[Data excerpts]
--*--

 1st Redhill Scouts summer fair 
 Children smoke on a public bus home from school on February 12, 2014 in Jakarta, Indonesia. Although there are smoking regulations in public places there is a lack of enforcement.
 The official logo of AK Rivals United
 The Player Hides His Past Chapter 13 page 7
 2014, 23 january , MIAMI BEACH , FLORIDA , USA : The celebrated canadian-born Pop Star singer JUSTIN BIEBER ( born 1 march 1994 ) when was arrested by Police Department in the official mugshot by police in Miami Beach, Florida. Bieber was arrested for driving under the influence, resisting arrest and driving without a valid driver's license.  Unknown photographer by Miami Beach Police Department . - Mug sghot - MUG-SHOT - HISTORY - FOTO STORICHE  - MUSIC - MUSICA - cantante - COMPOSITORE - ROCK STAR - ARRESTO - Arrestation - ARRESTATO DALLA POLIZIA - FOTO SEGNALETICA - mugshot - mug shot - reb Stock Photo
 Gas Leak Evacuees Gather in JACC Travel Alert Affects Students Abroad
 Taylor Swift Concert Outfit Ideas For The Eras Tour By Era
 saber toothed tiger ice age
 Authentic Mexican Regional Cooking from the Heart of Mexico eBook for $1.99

--*--

- YOUR OBJECTIVE -
Check each line above for the string "from" and copy those that have it.

- SOLVED PROBLEM -
 Children smoke on a public bus home from school on February 12, 2014 in Jakarta, Indonesia. Although there are smoking regulations in public places there is a lack of enforcement.
 Authentic Mexican Regional Cooking from the Heart of Mexico eBook for $1.99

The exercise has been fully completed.